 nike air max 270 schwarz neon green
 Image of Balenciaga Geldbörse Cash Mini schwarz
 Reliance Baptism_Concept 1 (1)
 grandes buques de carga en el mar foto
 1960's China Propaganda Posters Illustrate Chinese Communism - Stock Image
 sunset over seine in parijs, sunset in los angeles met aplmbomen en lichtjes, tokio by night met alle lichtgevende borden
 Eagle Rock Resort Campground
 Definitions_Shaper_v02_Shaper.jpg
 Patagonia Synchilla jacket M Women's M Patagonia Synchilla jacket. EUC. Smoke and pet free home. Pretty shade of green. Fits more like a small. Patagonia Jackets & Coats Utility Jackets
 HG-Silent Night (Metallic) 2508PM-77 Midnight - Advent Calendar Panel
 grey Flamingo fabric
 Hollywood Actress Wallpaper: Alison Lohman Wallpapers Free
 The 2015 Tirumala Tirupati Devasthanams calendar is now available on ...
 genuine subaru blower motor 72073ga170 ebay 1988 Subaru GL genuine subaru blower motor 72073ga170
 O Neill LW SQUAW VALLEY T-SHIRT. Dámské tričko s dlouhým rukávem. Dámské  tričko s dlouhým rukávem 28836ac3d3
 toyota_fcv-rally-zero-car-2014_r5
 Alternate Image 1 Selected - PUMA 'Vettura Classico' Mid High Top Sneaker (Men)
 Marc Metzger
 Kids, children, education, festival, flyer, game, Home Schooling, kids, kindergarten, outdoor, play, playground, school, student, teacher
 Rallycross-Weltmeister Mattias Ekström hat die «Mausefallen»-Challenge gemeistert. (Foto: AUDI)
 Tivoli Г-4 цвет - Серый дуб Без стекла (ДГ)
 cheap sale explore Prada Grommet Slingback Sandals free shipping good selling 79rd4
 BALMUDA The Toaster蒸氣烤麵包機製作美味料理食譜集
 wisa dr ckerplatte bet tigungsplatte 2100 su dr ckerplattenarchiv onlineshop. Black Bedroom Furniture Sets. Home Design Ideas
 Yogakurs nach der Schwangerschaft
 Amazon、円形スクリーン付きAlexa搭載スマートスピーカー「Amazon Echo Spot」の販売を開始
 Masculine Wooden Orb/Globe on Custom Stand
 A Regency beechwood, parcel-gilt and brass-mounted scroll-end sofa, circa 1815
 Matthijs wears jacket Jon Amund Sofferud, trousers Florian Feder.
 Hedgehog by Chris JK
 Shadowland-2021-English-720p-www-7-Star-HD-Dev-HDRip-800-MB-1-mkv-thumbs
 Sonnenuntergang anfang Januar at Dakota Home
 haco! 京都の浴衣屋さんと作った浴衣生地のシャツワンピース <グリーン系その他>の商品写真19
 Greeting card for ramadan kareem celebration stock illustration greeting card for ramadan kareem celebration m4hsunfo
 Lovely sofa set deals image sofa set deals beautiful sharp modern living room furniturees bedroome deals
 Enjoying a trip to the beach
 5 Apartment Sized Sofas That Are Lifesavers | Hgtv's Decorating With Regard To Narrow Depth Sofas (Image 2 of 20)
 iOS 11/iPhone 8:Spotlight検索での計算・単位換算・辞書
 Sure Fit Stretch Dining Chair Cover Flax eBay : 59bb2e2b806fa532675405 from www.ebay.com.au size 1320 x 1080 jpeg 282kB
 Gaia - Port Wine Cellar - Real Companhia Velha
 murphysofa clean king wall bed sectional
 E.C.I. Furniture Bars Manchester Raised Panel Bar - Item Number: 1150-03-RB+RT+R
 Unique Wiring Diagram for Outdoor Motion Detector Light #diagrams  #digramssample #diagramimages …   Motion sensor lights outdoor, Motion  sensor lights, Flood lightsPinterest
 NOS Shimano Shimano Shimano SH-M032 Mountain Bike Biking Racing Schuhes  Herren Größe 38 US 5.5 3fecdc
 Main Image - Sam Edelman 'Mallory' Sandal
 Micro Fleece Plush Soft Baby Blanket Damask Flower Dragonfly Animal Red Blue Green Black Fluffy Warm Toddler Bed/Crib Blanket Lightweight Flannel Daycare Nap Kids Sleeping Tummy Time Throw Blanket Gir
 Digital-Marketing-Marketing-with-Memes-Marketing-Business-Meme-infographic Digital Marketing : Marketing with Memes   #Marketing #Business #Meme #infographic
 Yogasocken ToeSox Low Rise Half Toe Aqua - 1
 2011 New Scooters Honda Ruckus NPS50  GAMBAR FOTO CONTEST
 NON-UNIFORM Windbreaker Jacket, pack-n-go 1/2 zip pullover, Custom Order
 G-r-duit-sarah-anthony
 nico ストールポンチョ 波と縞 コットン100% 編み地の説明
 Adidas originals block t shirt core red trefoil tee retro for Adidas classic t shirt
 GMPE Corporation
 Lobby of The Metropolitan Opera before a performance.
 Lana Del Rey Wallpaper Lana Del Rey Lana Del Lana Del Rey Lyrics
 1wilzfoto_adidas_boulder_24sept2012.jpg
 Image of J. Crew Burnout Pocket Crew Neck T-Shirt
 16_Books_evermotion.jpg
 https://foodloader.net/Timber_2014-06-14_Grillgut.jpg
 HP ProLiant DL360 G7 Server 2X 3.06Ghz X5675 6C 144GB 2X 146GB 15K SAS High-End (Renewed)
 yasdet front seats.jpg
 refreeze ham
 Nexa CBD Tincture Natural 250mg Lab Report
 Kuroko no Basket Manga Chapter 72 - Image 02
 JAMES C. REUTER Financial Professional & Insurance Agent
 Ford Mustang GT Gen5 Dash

──────────────────────────────

Exercise objective: Reproduce each entry in the listing character for character.

Solution to this task:
 nike air max 270 schwarz neon green
 Image of Balenciaga Geldbörse Cash Mini schwarz
 Reliance Baptism_Concept 1 (1)
 grandes buques de carga en el mar foto
 1960's China Propaganda Posters Illustrate Chinese Communism - Stock Image
 sunset over seine in parijs, sunset in los angeles met aplmbomen en lichtjes, tokio by night met alle lichtgevende borden
 Eagle Rock Resort Campground
 Definitions_Shaper_v02_Shaper.jpg
 Patagonia Synchilla jacket M Women's M Patagonia Synchilla jacket. EUC. Smoke and pet free home. Pretty shade of green. Fits more like a small. Patagonia Jackets & Coats Utility Jackets
 HG-Silent Night (Metallic) 2508PM-77 Midnight - Advent Calendar Panel
 grey Flamingo fabric
 Hollywood Actress Wallpaper: Alison Lohman Wallpapers Free
 The 2015 Tirumala Tirupati Devasthanams calendar is now available on ...
 genuine subaru blower motor 72073ga170 ebay 1988 Subaru GL genuine subaru blower motor 72073ga170
 O Neill LW SQUAW VALLEY T-SHIRT. Dámské tričko s dlouhým rukávem. Dámské  tričko s dlouhým rukávem 28836ac3d3
 toyota_fcv-rally-zero-car-2014_r5
 Alternate Image 1 Selected - PUMA 'Vettura Classico' Mid High Top Sneaker (Men)
 Marc Metzger
 Kids, children, education, festival, flyer, game, Home Schooling, kids, kindergarten, outdoor, play, playground, school, student, teacher
 Rallycross-Weltmeister Mattias Ekström hat die «Mausefallen»-Challenge gemeistert. (Foto: AUDI)
 Tivoli Г-4 цвет - Серый дуб Без стекла (ДГ)
 cheap sale explore Prada Grommet Slingback Sandals free shipping good selling 79rd4
 BALMUDA The Toaster蒸氣烤麵包機製作美味料理食譜集
 wisa dr ckerplatte bet tigungsplatte 2100 su dr ckerplattenarchiv onlineshop. Black Bedroom Furniture Sets. Home Design Ideas
 Yogakurs nach der Schwangerschaft
 Amazon、円形スクリーン付きAlexa搭載スマートスピーカー「Amazon Echo Spot」の販売を開始
 Masculine Wooden Orb/Globe on Custom Stand
 A Regency beechwood, parcel-gilt and brass-mounted scroll-end sofa, circa 1815
 Matthijs wears jacket Jon Amund Sofferud, trousers Florian Feder.
 Hedgehog by Chris JK
 Shadowland-2021-English-720p-www-7-Star-HD-Dev-HDRip-800-MB-1-mkv-thumbs
 Sonnenuntergang anfang Januar at Dakota Home
 haco! 京都の浴衣屋さんと作った浴衣生地のシャツワンピース <グリーン系その他>の商品写真19
 Greeting card for ramadan kareem celebration stock illustration greeting card for ramadan kareem celebration m4hsunfo
 Lovely sofa set deals image sofa set deals beautiful sharp modern living room furniturees bedroome deals
 Enjoying a trip to the beach
 5 Apartment Sized Sofas That Are Lifesavers | Hgtv's Decorating With Regard To Narrow Depth Sofas (Image 2 of 20)
 iOS 11/iPhone 8:Spotlight検索での計算・単位換算・辞書
 Sure Fit Stretch Dining Chair Cover Flax eBay : 59bb2e2b806fa532675405 from www.ebay.com.au size 1320 x 1080 jpeg 282kB
 Gaia - Port Wine Cellar - Real Companhia Velha
 murphysofa clean king wall bed sectional
 E.C.I. Furniture Bars Manchester Raised Panel Bar - Item Number: 1150-03-RB+RT+R
 Unique Wiring Diagram for Outdoor Motion Detector Light #diagrams  #digramssample #diagramimages …   Motion sensor lights outdoor, Motion  sensor lights, Flood lightsPinterest
 NOS Shimano Shimano Shimano SH-M032 Mountain Bike Biking Racing Schuhes  Herren Größe 38 US 5.5 3fecdc
 Main Image - Sam Edelman 'Mallory' Sandal
 Micro Fleece Plush Soft Baby Blanket Damask Flower Dragonfly Animal Red Blue Green Black Fluffy Warm Toddler Bed/Crib Blanket Lightweight Flannel Daycare Nap Kids Sleeping Tummy Time Throw Blanket Gir
 Digital-Marketing-Marketing-with-Memes-Marketing-Business-Meme-infographic Digital Marketing : Marketing with Memes   #Marketing #Business #Meme #infographic
 Yogasocken ToeSox Low Rise Half Toe Aqua - 1
 2011 New Scooters Honda Ruckus NPS50  GAMBAR FOTO CONTEST
 NON-UNIFORM Windbreaker Jacket, pack-n-go 1/2 zip pullover, Custom Order
 G-r-duit-sarah-anthony
 nico ストールポンチョ 波と縞 コットン100% 編み地の説明
 Adidas originals block t shirt core red trefoil tee retro for Adidas classic t shirt
 GMPE Corporation
 Lobby of The Metropolitan Opera before a performance.
 Lana Del Rey Wallpaper Lana Del Rey Lana Del Lana Del Rey Lyrics
 1wilzfoto_adidas_boulder_24sept2012.jpg
 Image of J. Crew Burnout Pocket Crew Neck T-Shirt
 16_Books_evermotion.jpg
 https://foodloader.net/Timber_2014-06-14_Grillgut.jpg
 HP ProLiant DL360 G7 Server 2X 3.06Ghz X5675 6C 144GB 2X 146GB 15K SAS High-End (Renewed)
 yasdet front seats.jpg
 refreeze ham
 Nexa CBD Tincture Natural 250mg Lab Report
 Kuroko no Basket Manga Chapter 72 - Image 02
 JAMES C. REUTER Financial Professional & Insurance Agent
 Ford Mustang GT Gen5 Dash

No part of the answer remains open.